Это был доктор Маас. Он стоял рядом, прислонившись к стене, руки в карманах, и с задумчивым видом смотрел на Майлса. “Все изучает, сердито подумал Майлс — будто клопа в микроскоп”.
— Нет, — бросил Майлс. А потом передумал:
— По правде говоря, да.
Тревожит.
— И что же?
— Нехорошо мне. Знаю я ваш диагноз, но чувствую себя паршиво.
— Физически?
— Конечно, физически. Что вы хотите сказать? Что все дело в состоянии духа и тому подобная ахинея?
— Я вам ничего не хочу сказать, мистер Оуэн. Это вы мне говорите.
— Хорошо. Тогда интересно, откуда такая уверенность. Ни анализов, ни рентгена — ничего, а ставите диагноз. Откуда? По-моему, вы вообще считаете, что физически у человека все в порядке и надо только отдать себя в руки какому-нибудь хорошему, дорогостоящему психоаналитику...

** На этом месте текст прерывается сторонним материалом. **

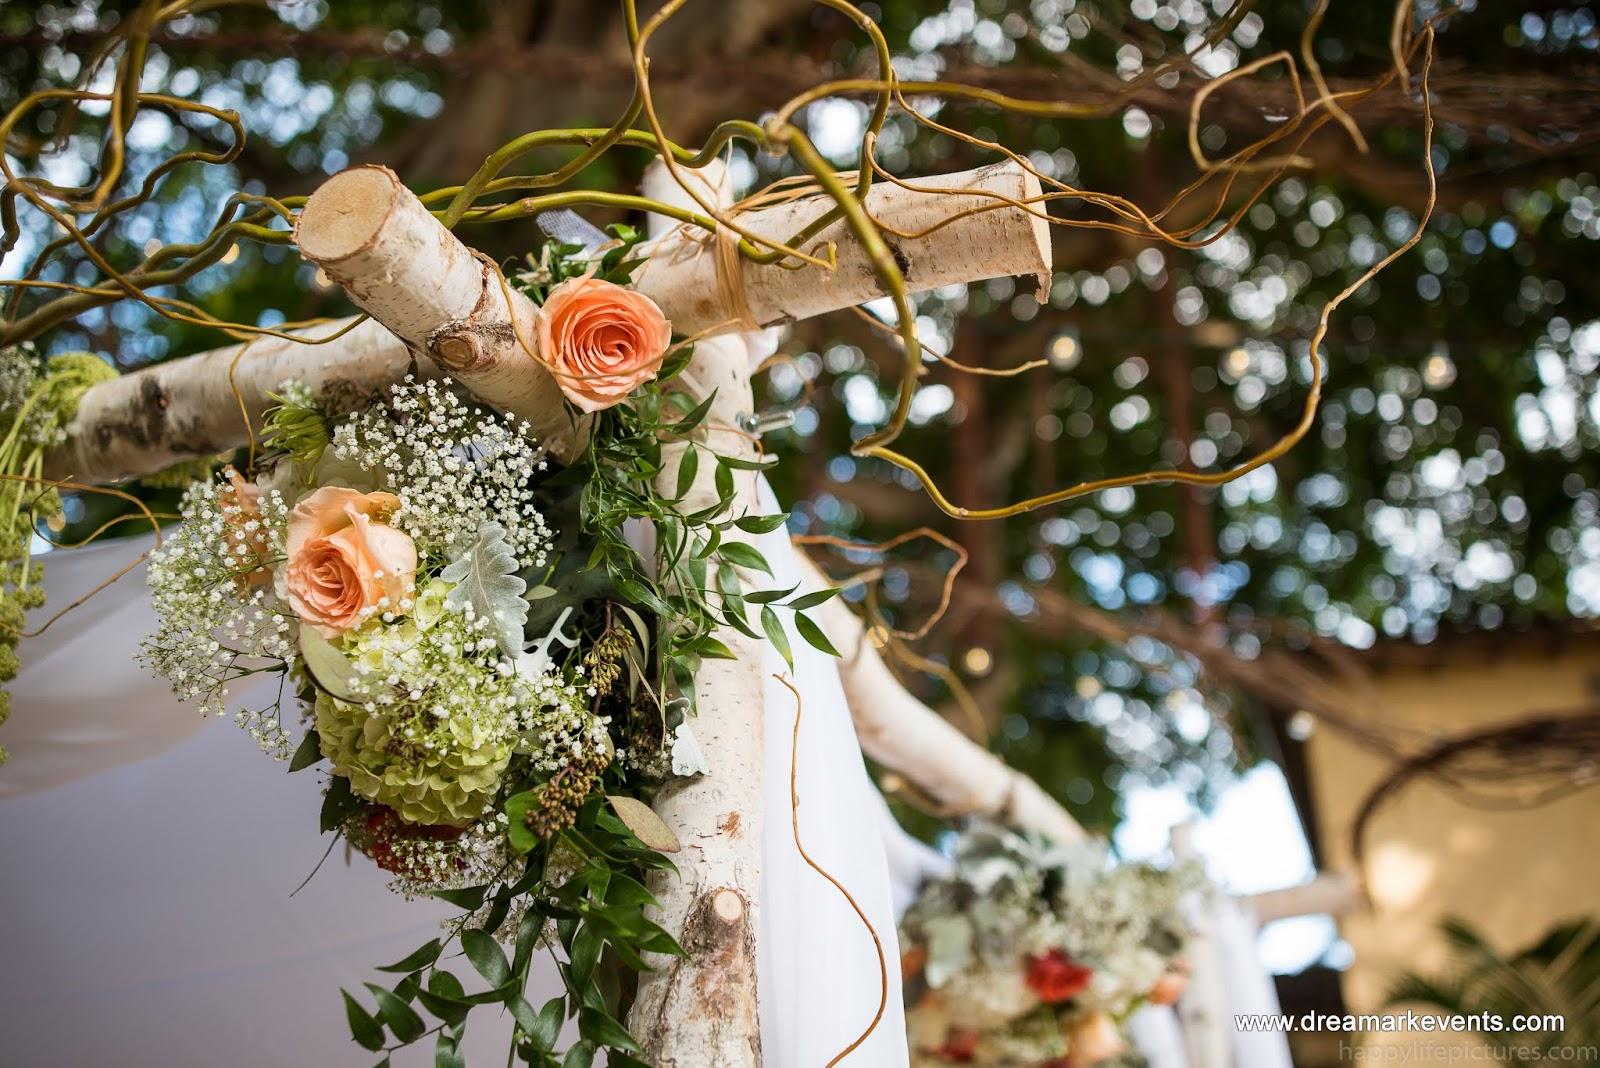 DreamARK Events Blog: Rustic Style Wedding decoration. Vintage-Vintage!!!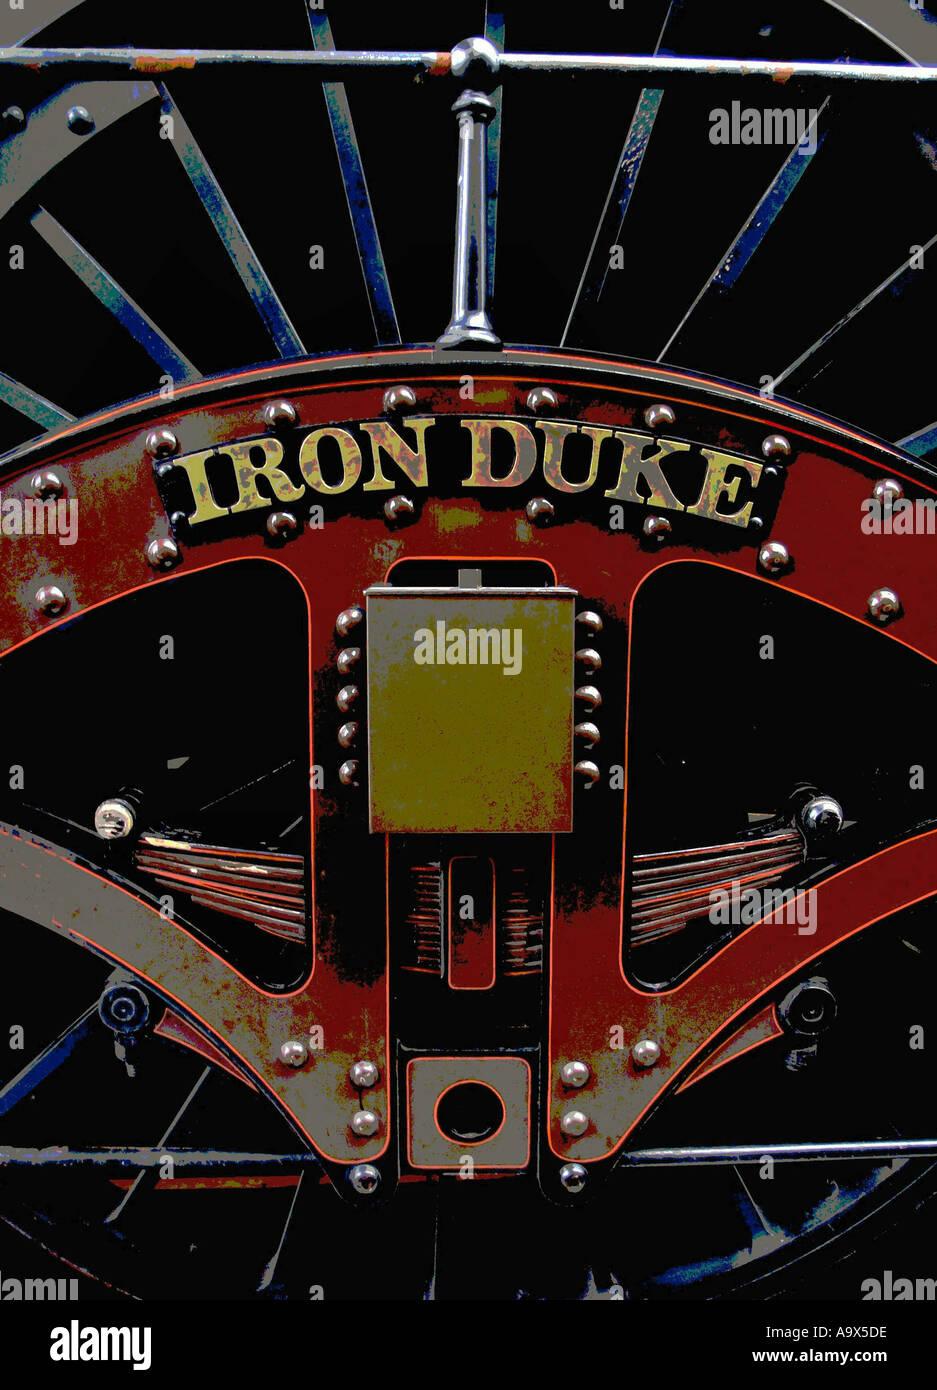 Iron Duke Stream Train - Stock Image

— Прекратите, мистер Оуэн, — холодно перебил его доктор. — Я принимаю как должное ваш отвратительный тон, ибо не в себе вы, без сомнения. Но ваше воображение поистине безгранично. Я не занимаюсь психоанализом и никогда этого не говорил. И вообще я не врач. Людям, с которыми я имею дело, помочь, к сожалению, уже ничем нельзя, и мой интерес к ним, так сказать, чисто академический. Но чтобы меня принимали за мошенника, выискивающего себе жертву...

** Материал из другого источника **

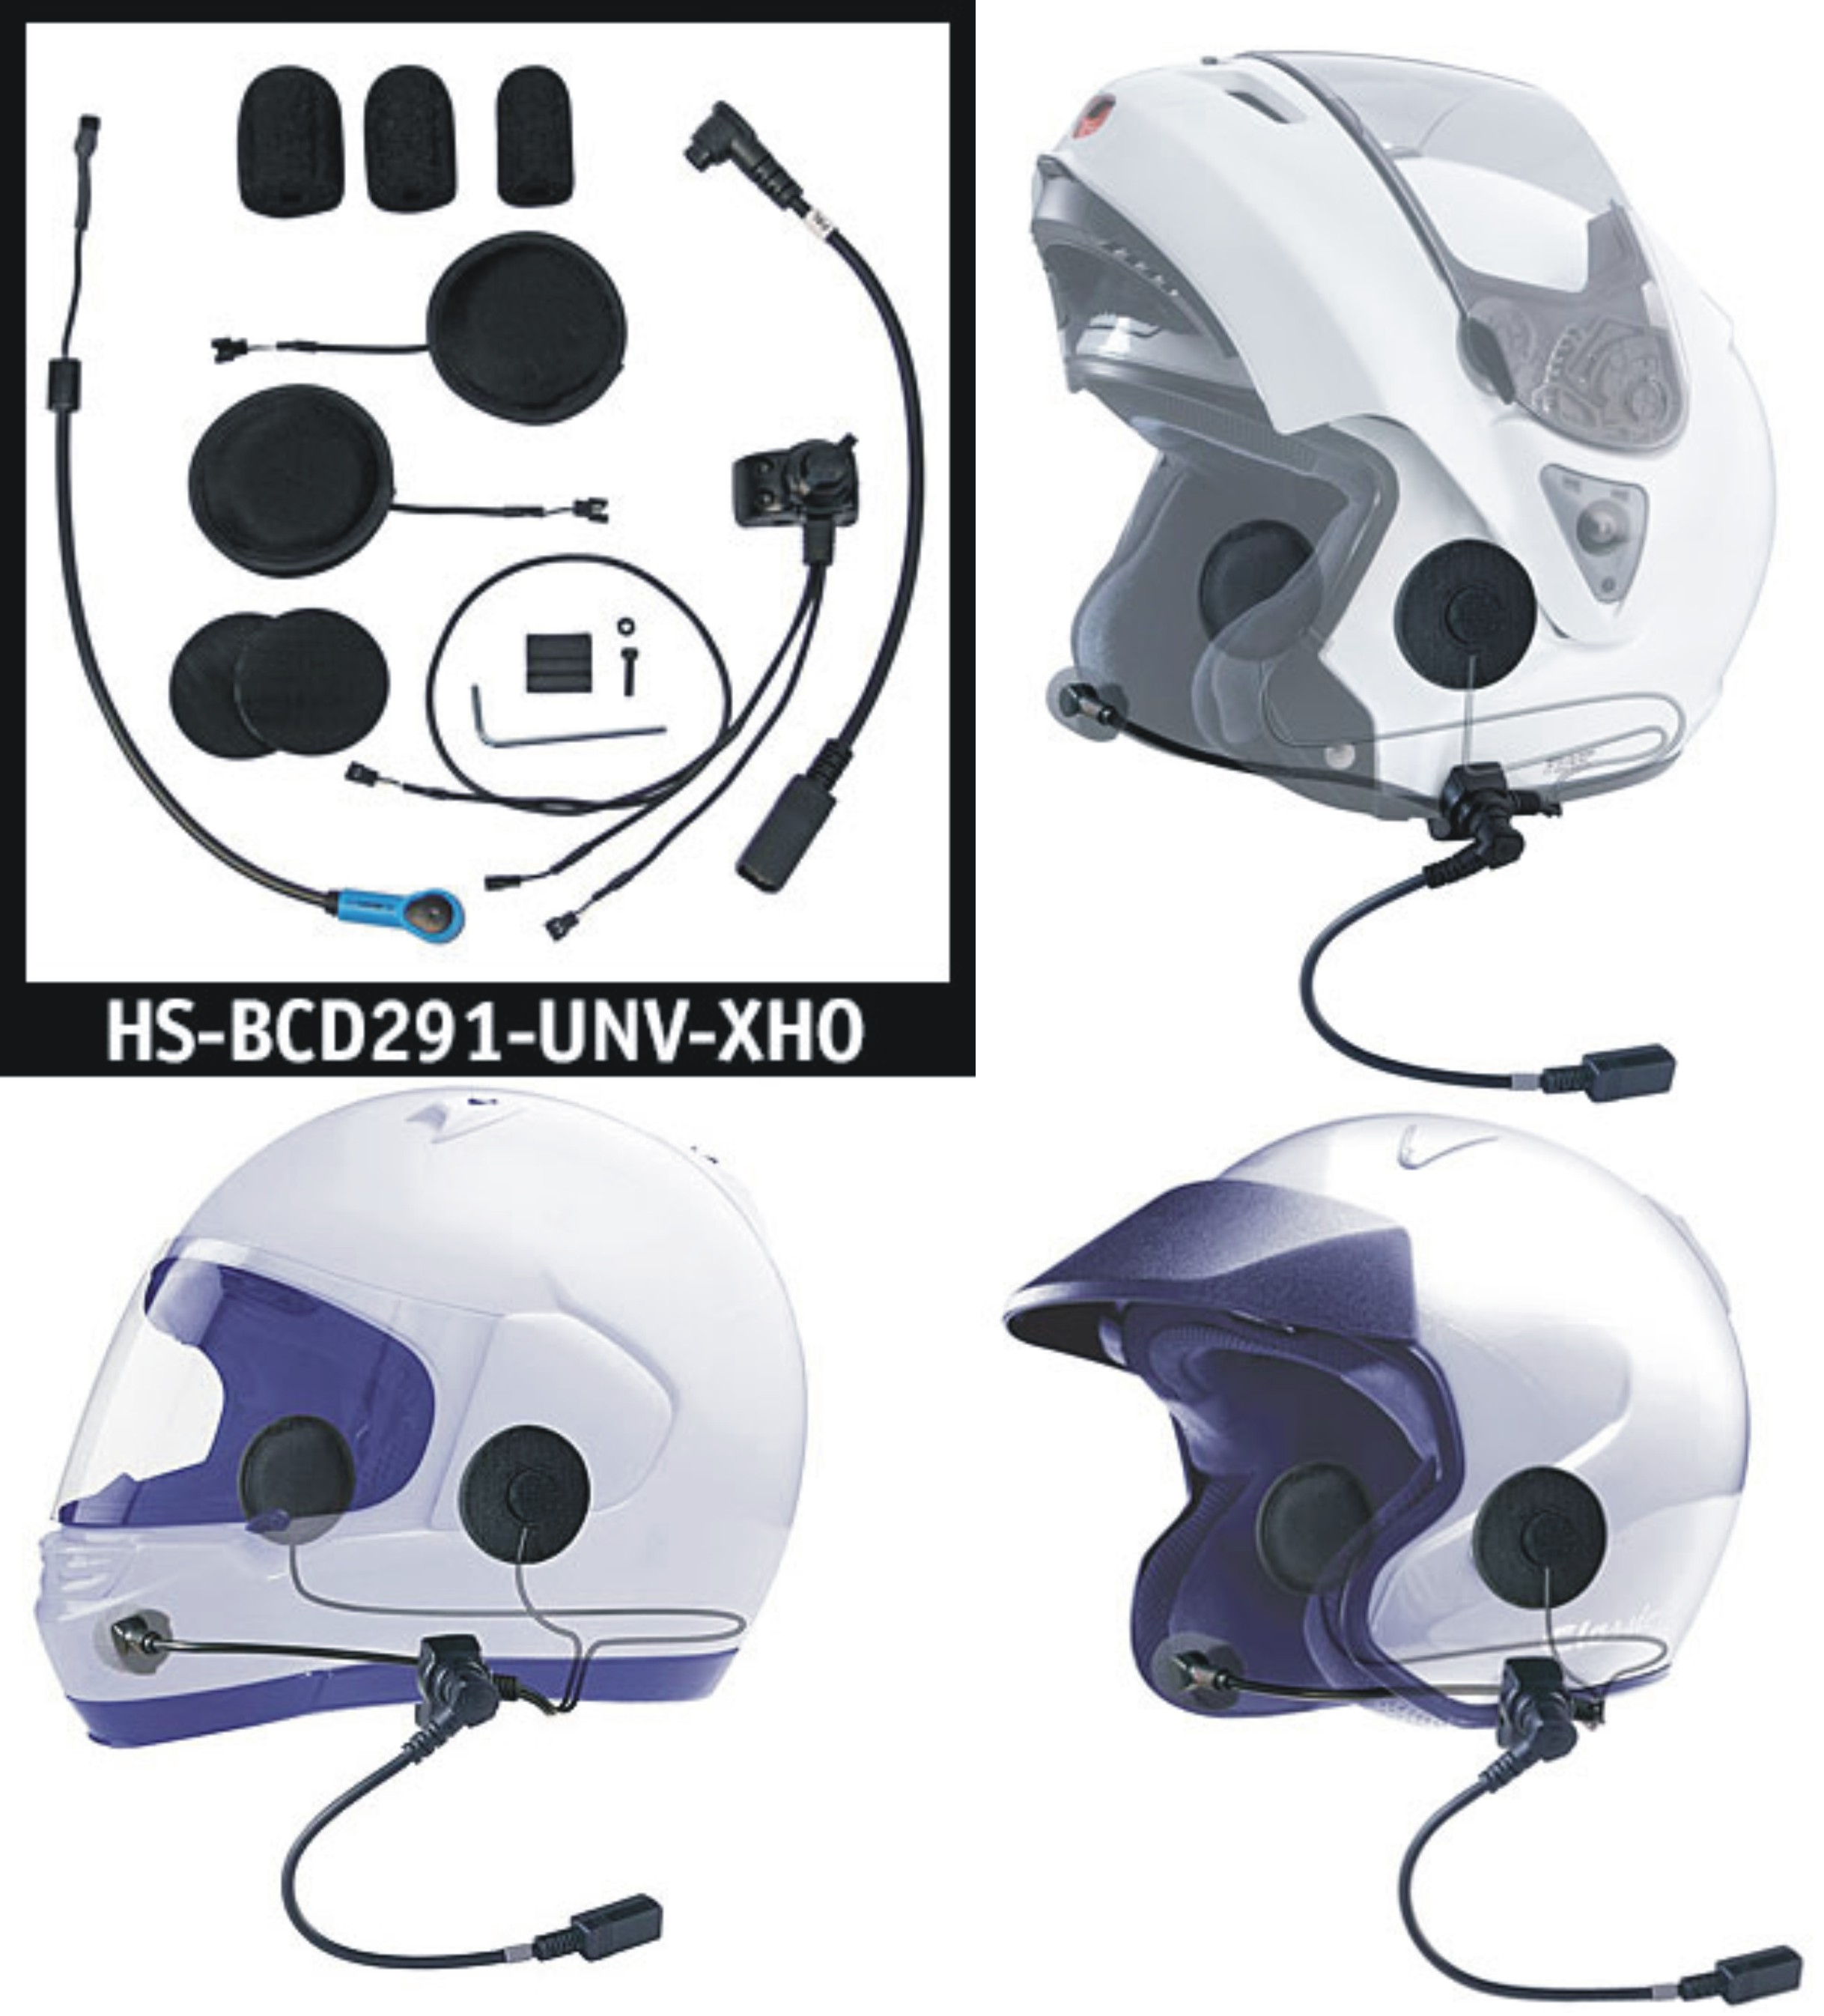 HS-BCD291

— Ну тогда, — прервал его Майлс, — я извиняюсь. Правда, извиняюсь.
Не знаю, что на меня нашло. Может, из-за этого сборища — я их ненавижу, мне всегда от них плохо. Но, честное слово, я извиняюсь за то, что на вас набросился.
Доктор мрачно кивнул.
— Разумеется, — сказал он. — Разумеется. — Потом нервно провел пальцами по своему блестящему черепу. — Хотел, правда, еще кое-что вам сказать, но боюсь, что обидитесь.
Майлс засмеялся.
— По-моему, вы просто со мной расквитаетесь.
Доктор помедлил, а потом сделал жест в направлении библиотеки.
— Так вот, мистер Оуэн, я слышал многое из того, что там говорилось. Я не подслушивал, но дискуссия стала слишком горячей, верно? И с этой стороны двери все было слышно.
— Правда? — осторожно спросил Майлс.
— Эта дискуссия, мистер Оуэн, — ключ к вашему нынешнему состоянию.
Вы резко оборвали ее и сбежали. Назвали ситуацию “рутиной”, считаете невыносимой — скорей от нее прочь.
Майлс выдавил из себя улыбку.
— Что значит, “назвал рутиной”? Разве для этого есть другое слово?
— По-моему, да. Я бы назвал это ответственностью. О вашей жизни, мистер Оуэн, как театральной, так и личной, пишут во всех газетах; я бы написал, что большая часть ее есть так или иначе бегство от ответственности. Не кажется ли вам странным, мистер Оуэн, что независимо от того, как далеко и насколько быстро вы бежите, у вас все равно возникают те же проблемы?
Майлс сжал и разжал кулак.
— В конце концов, — ответил он, — это мое дело.
— Здесь вы ошибаетесь, мистер Оуэн. Ваше решение бросить играть затрагивает интересы не только тех, кто занят в спектакле, но и всех тех, кто имеет к нему хоть малейшее отношение. Вот вы оставляете одних женщин, заводите других, а ведь им это, между прочим, далеко не все равно. Представляете, что они могут выкинуть? Как себя повести?
Извините за нравоучения, мистер Оуэн, но нельзя кидать в воду камешки и не замечать, что от них идут круги. Вот почему, когда вы говорите “рутина”, то видите во всей ситуации только самого себя. А когда я говорю “ответственность”, то думаю обо всех.
— И каков же рецепт, доктор? — спросил Майлс. — Продолжать гореть в этом маленьком частном аду, потому что, если попробовать из него выбраться, можно кому-нибудь наступить на ногу?
— Выбраться? — удивленно спросил доктор. — Вы действительно полагаете, что вам удастся выбраться?